-- Data block follows --

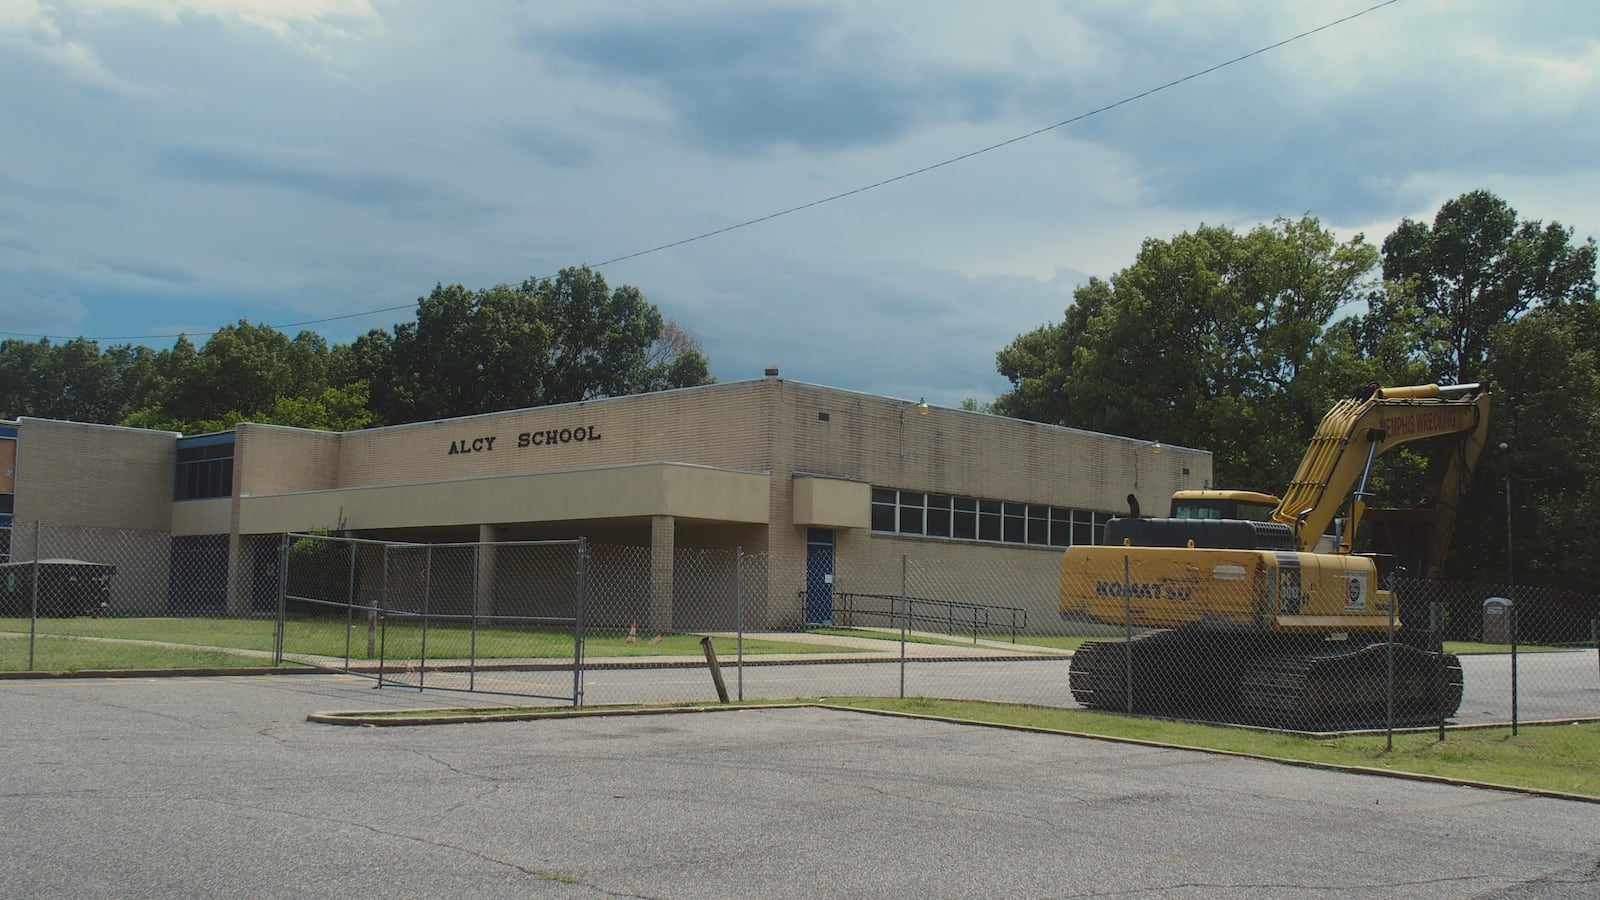 Alcy Elementary Schools is being demolished this summer to make way for a new building on the same property that will also house students from Charjean and Magnolia elementary schools.
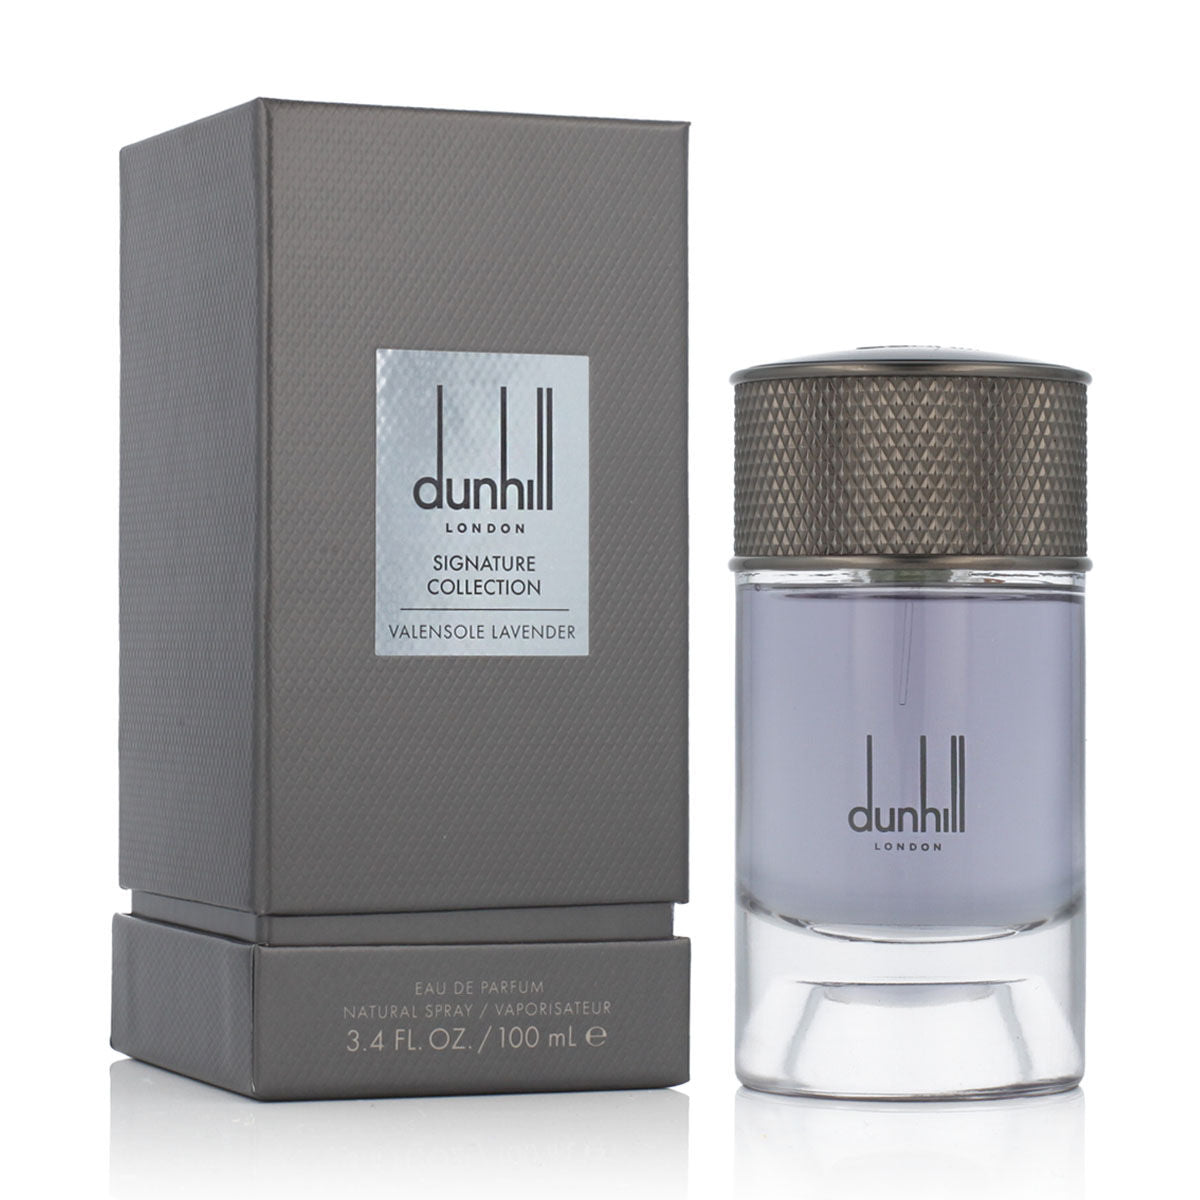 Herrparfym Dunhill EDP Signature Collection Valensole Lavender 100 ml
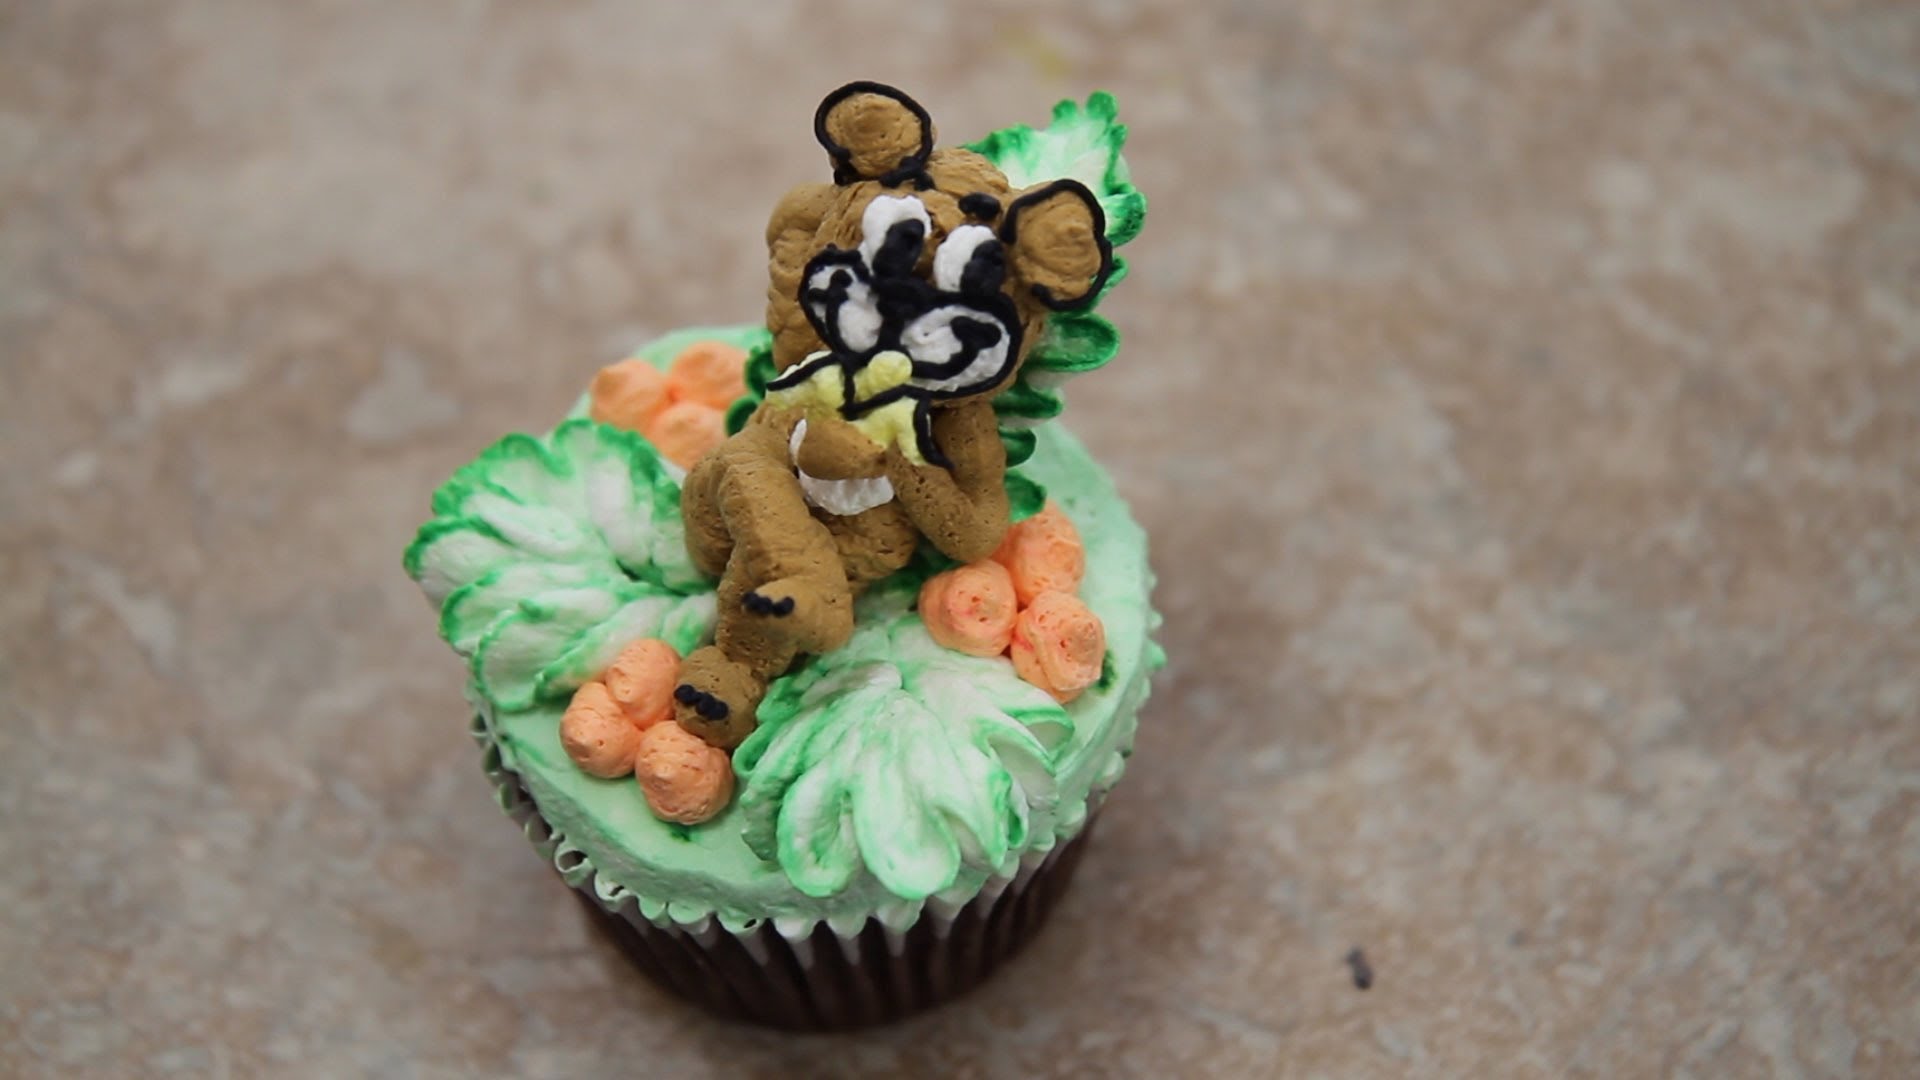 How to Decorate Monkey Cupcakes
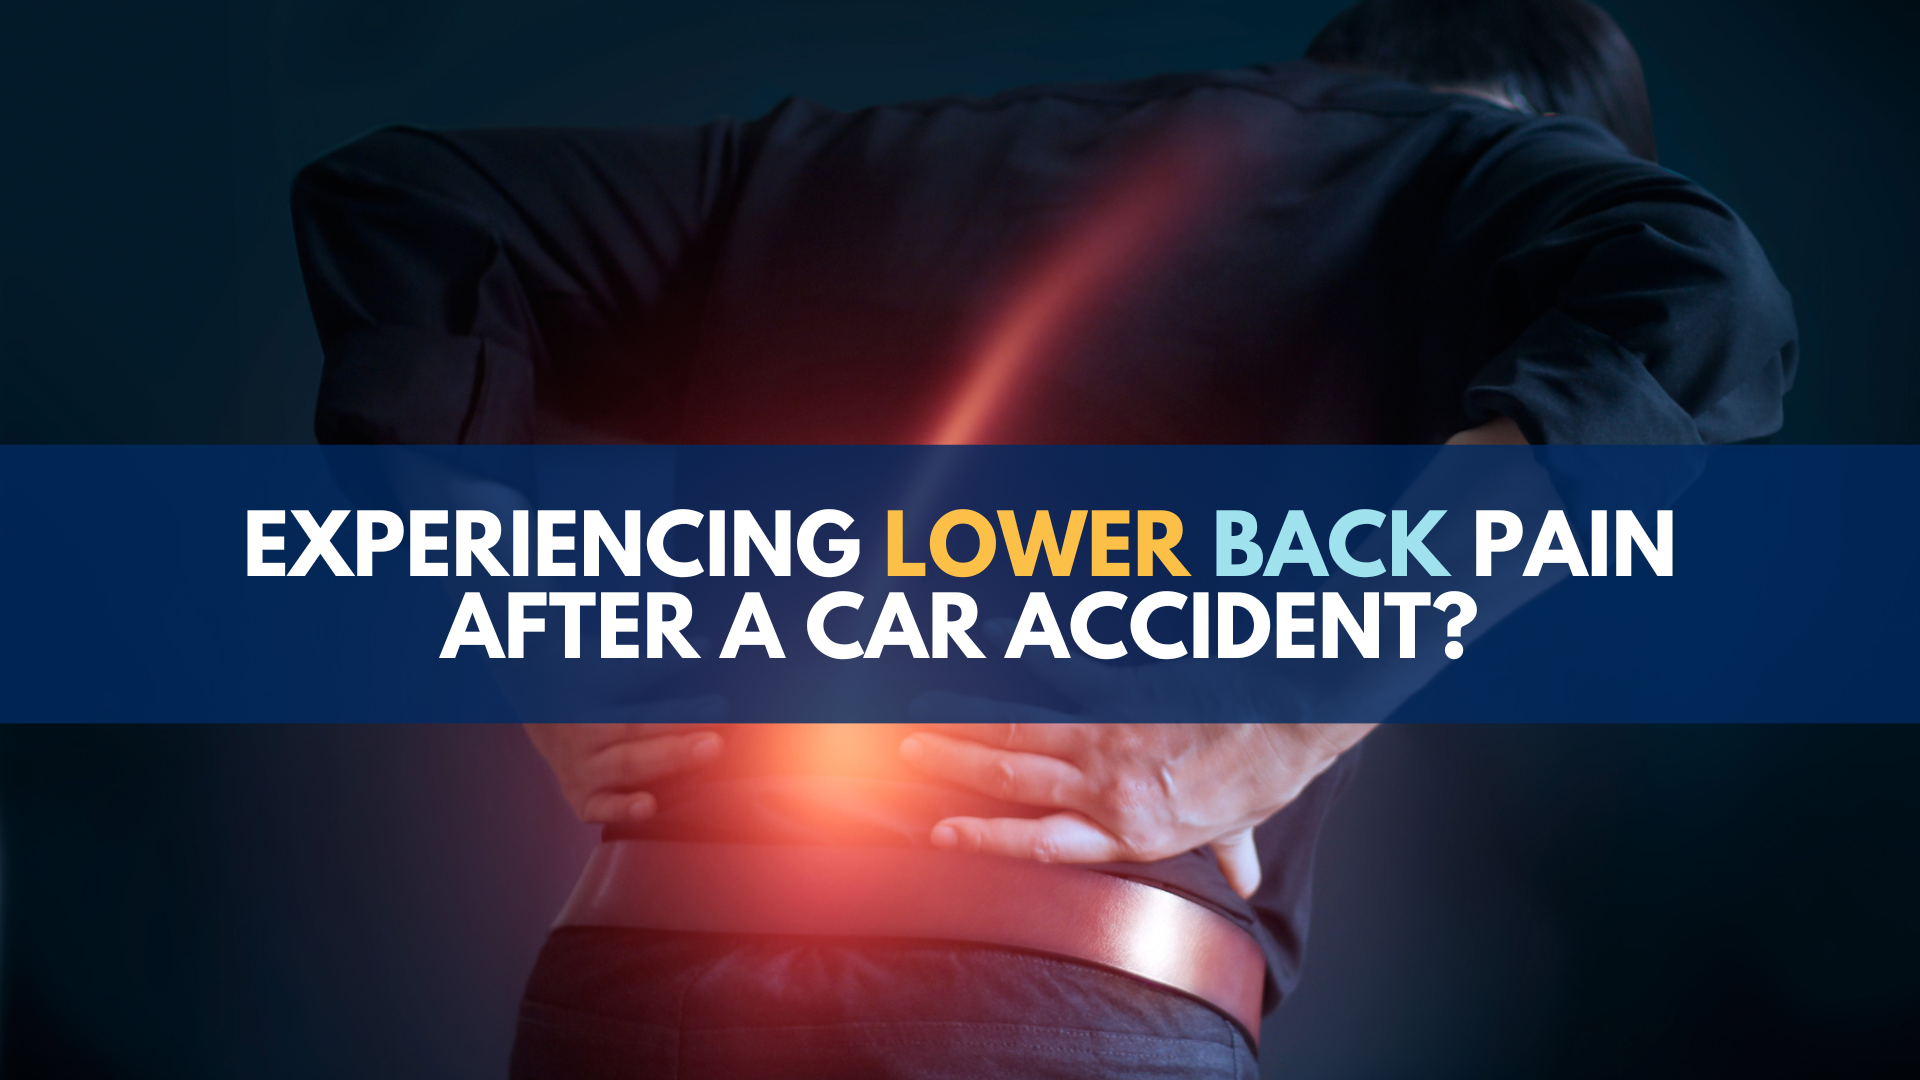 Lower back pain after an accident

-- Data block concluded --

When copying the data above, repeat every word exactly and drop the pictures.

• Task answer:
 Alcy Elementary Schools is being demolished this summer to make way for a new building on the same property that will also house students from Charjean and Magnolia elementary schools.
 Herrparfym Dunhill EDP Signature Collection Valensole Lavender 100 ml
 How to Decorate Monkey Cupcakes
 Lower back pain after an accident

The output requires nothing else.